There are so many question marks that remain. What of Adam McKay’s Vice? Will it whip through the last part of the season like The Big Short did? What of Clint Eastwood’s The Mule? What about Jason Reitman’s The Frontrunner? And what about A Quiet Place?
Finally, what do all these films tell us about ourselves here in November of 2018? Well, they tell us that black filmmakers and activists have fought hard for a seat at the table and that fight, at least where the Oscar race and the box office are concerned, has paid off. Never before have there been so many Oscar contenders written by, directed by, and starring black artists. That means it might end up being shocking if one of them does not triumph on Oscar night.

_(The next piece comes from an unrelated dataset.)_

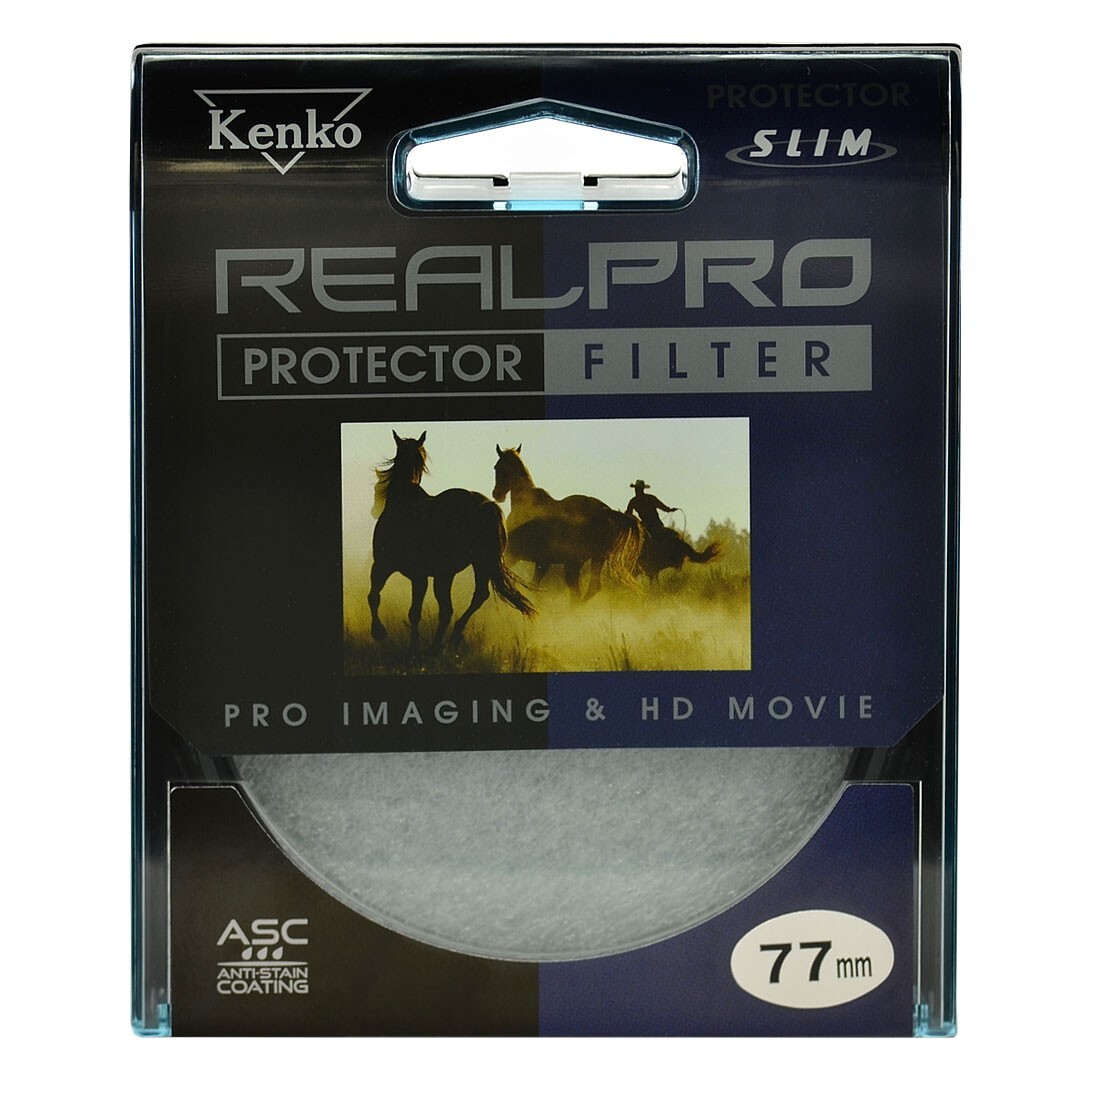 Фильтр Kenko 49s real Pro UV. Kenko кофе. +Kenko +REALPRO +UV +82mm +светофильтр купить. +Kenko +ZX +Protector купить. Really protect

It also tells us that we are in a kind of a strange place where we don’t know what defines us. For the past two years since Trump cheated his way into the White House, the Left has been caught up in the fight against him, primarily with the #MeToo movement, but in other ways. Despite the push for women in film, despite TIME’s cover of Greta Gerwig that proclaimed women in the power seat, there is nary a woman director to be found in the Best Picture race, at least not the top spot behind the camera. BUT there are more Best Actress contenders and several strong films with women at the center in the race than ever before. Marielle Heller for Can You Ever Forgive Me, Debra Granik for Leave No Trace, Chloe Zhao for The Rider — they all made an impact, just not big enough. Not yet anyway.
These are things the Left, and by extension, the film industry, has been focusing on. As a result, our standard definition of our cinematic hero that usually anchors the Oscar race has been left dangling off a precipice, caught between how things used to be, how things ought to be, and how they are. White men are a shadow of their former selves in this year’s race with no traditional hero to be found. Bradley Cooper is a tragic failure in A Star is Born. Viggo Mortensen is dissected, exposed, and stitched together with renewed humanity in Green Book. Men are toys and playthings in The Favourite. And Neil Armstrong is nearly wordless, depicted as a man so imprisoned by grief he can’t even remember to stab the Earth’s surface with the American flag — hey, where’s that rock-hard insertion we were all promised?
Who are we now? What are we? We are a culture in transition and this year’s Oscar race reflects that in a variety of ways. Which direction will the compass point when it’s all said and done? This is not knowable.
We will likely not be able to forsee the outcome until they announce the winner at the PGA — and even then. That won’t necessarily mean winning the DGA makes it a done deal either. What if Alfonso Cuaron wins there but something else wins the SAG? Then we will really be in a situation where we have no idea what will win until someone gets up there at the end of the show and announces it.